/deepmd-kit

A deep learning package for many-body potential energy representation and molecular dynamics

Primary LanguageC++GNU Lesser General Public License v3.0LGPL-3.0

Table of contents

Install DeePMD-kit

The installation of the DeePMD-kit is lengthy, but do not be panic. Just follow step by step. Wish you good luck..

A docker for installing the DeePMD-kit on CentOS 7 is available here.

Install tensorflow's Python interface

There are two ways of installing the Python interface of tensorflow, either using google's binary, or installing from sources. When you are using google's binary, do not forget to add the option -DTF_GOOGLE_BIN=true when building DeePMD-kit.

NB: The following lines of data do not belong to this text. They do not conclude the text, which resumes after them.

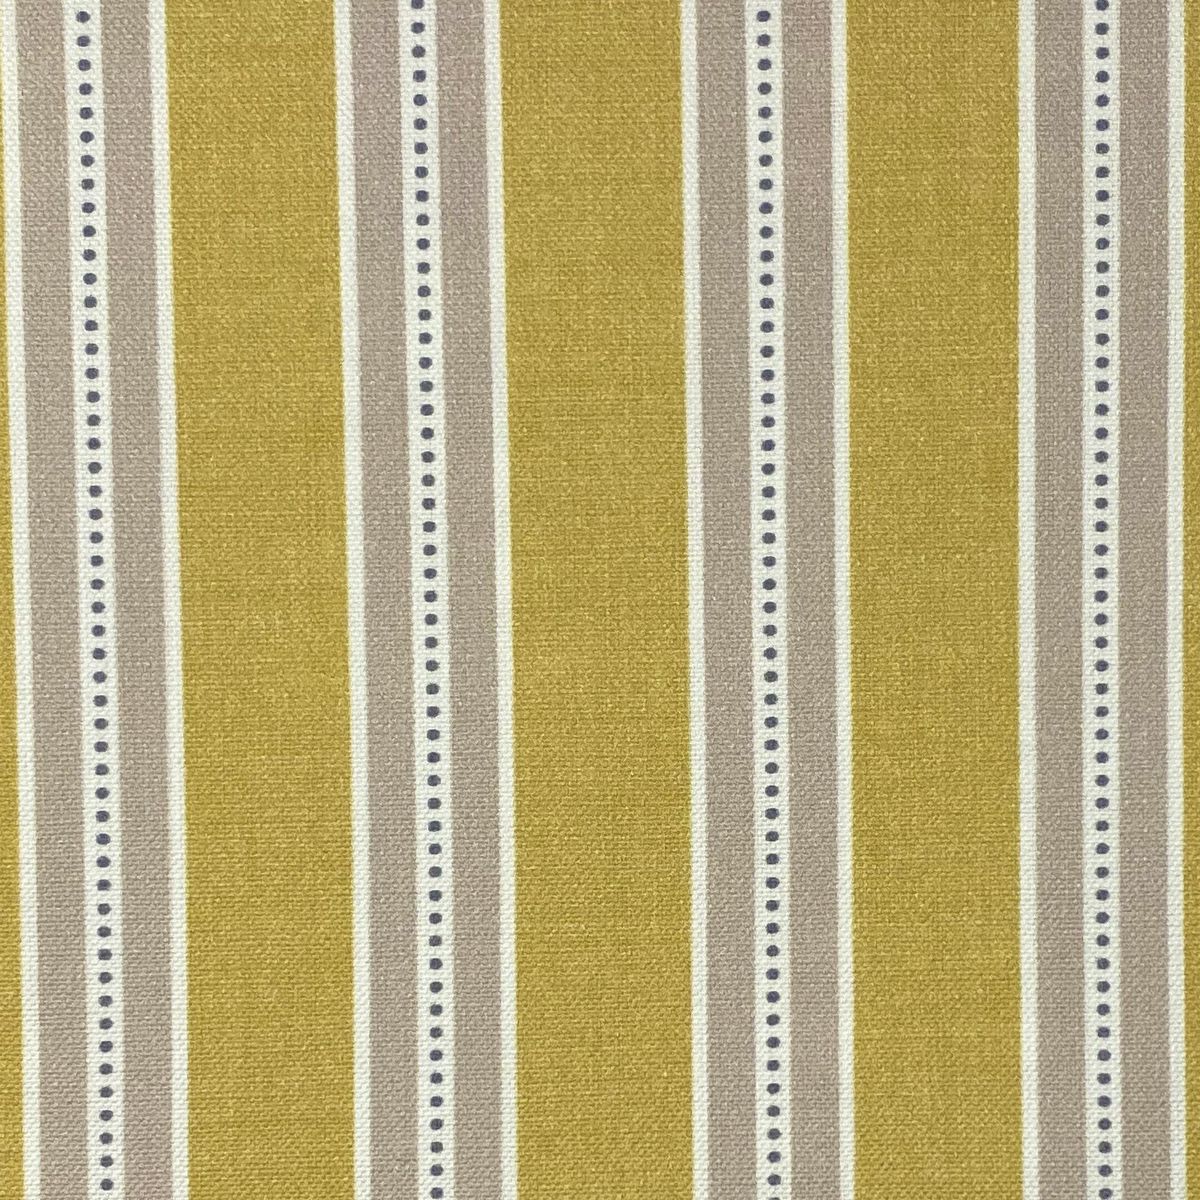 Drayton Ochre Fabric by Chatham Glyn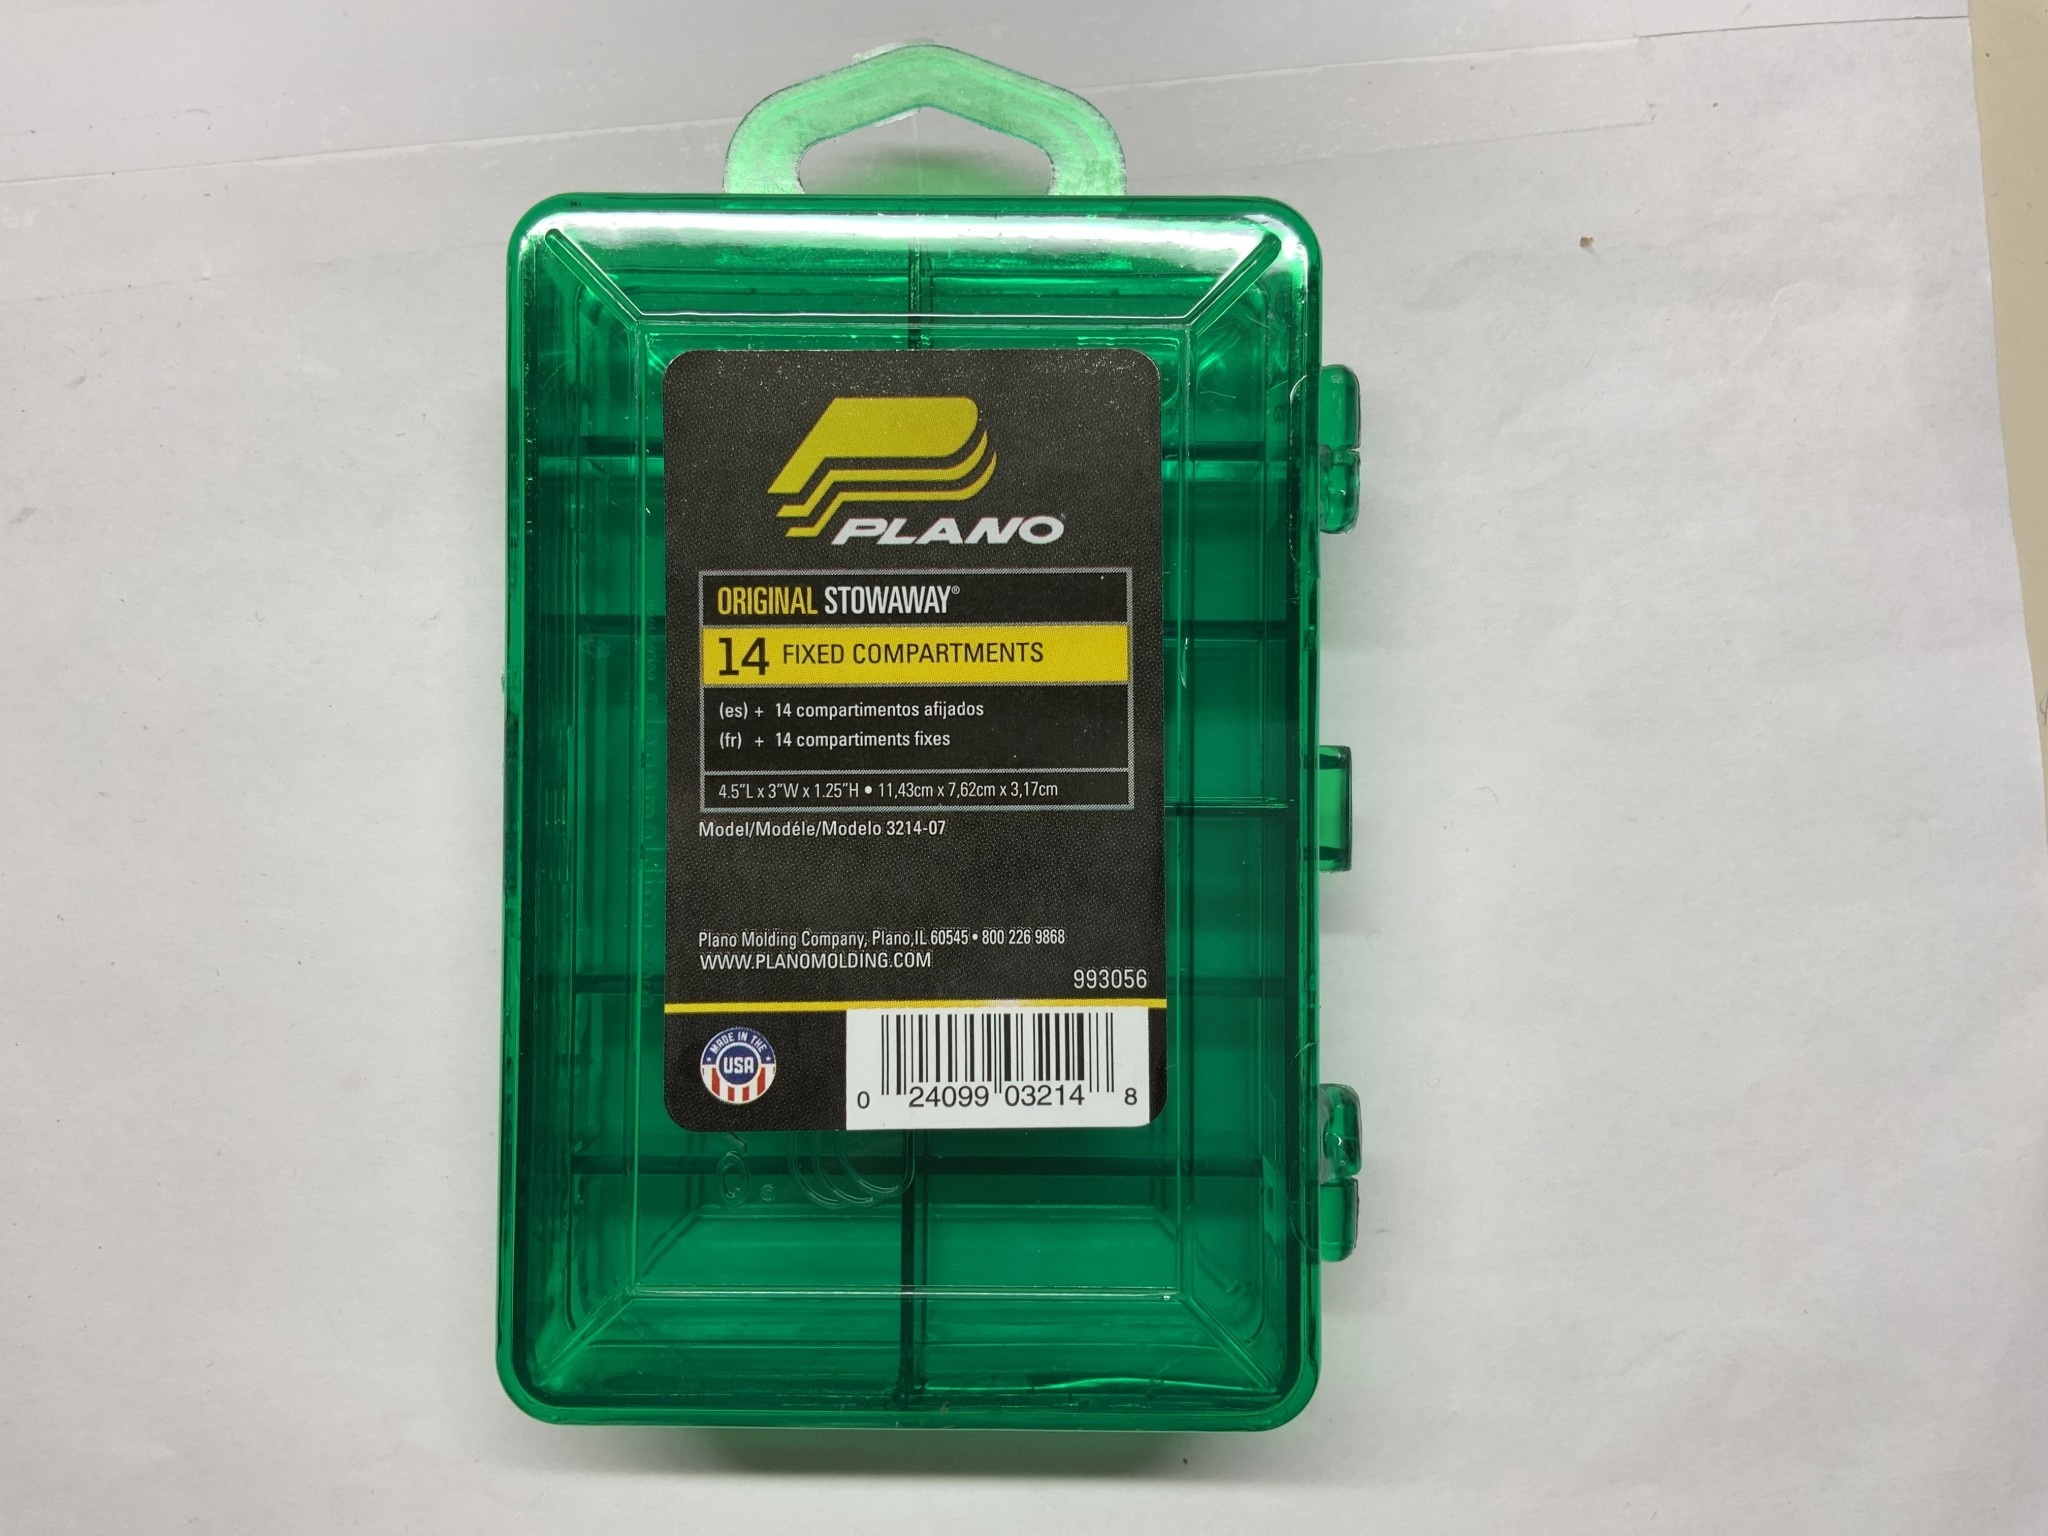 PLANO MAGNUM TACKLE BOX MICRO MAG 4.5*3*4.25' GREEN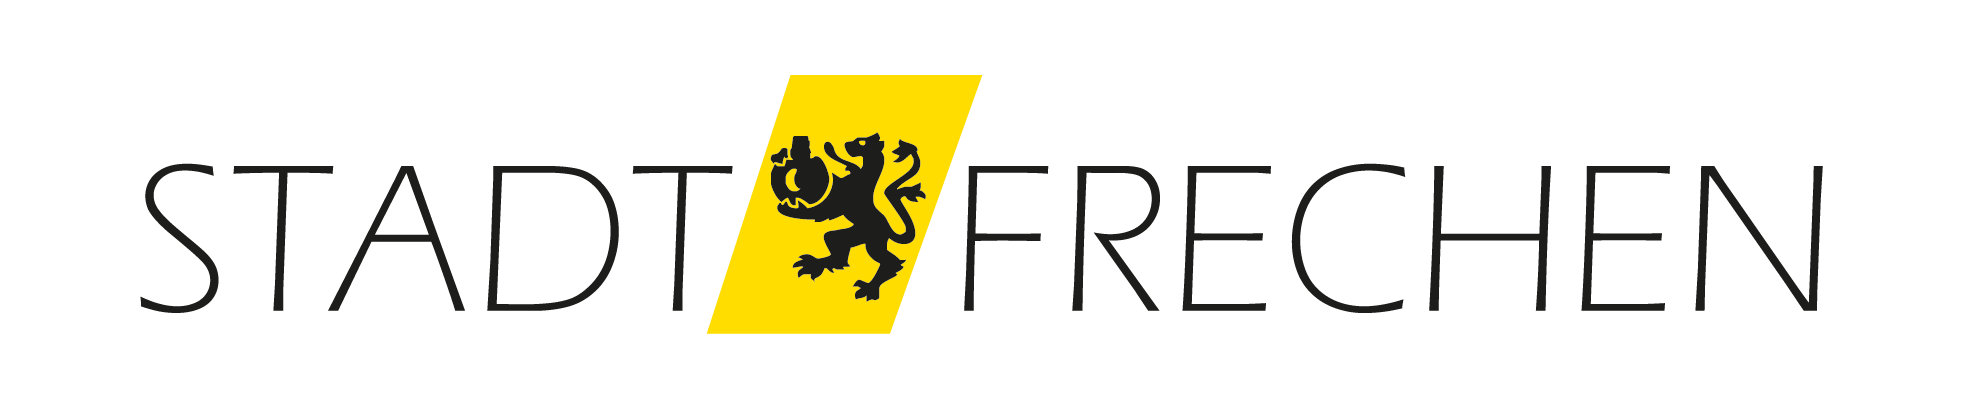 Logo Stadt Frechen

Install tensorflow's C++ interface

Firstly get the source code of the tensorflow

cd /some/workspace
git clone https://github.com/tensorflow/tensorflow tensorflow

The DeePMD-kit works with tensorflow r1.4 -- r1.6. Now taking r1.4 for example:

cd tensorflow
git checkout r1.4

Please make sure you have the Bazel higher than version 0.5.4, otherwise, please install it.

DeePMD-kit is compiled by cmake, so we need to compile and integrate tensorflow with cmake projects. The rest of this section basically follows the instruction provided by Tuatini. Now execute

./configure

You will answer a list of questions that help configure the building of tensorflow. It is recommended to build for Python3. You may want to answer the question like this:

Please specify the location of python. [Default is /usr/bin/python]: /usr/bin/python3

The library path for Python should be set accordingly.

Now build the shared library of tensorflow:

bazel build -c opt --verbose_failures //tensorflow:libtensorflow_cc.so

You may want to add options --copt=-msse4.2, --copt=-mavx, --copt=-mavx2 and --copt=-mfma to enable SSE4.2, AVX, AVX2 and FMA SIMD accelerations, respectively. It is noted that these options should be chosen according to the CPU architecture. If the RAM becomes an issue of your machine, you may limit the RAM usage by using --local_resources 2048,.5,1.0.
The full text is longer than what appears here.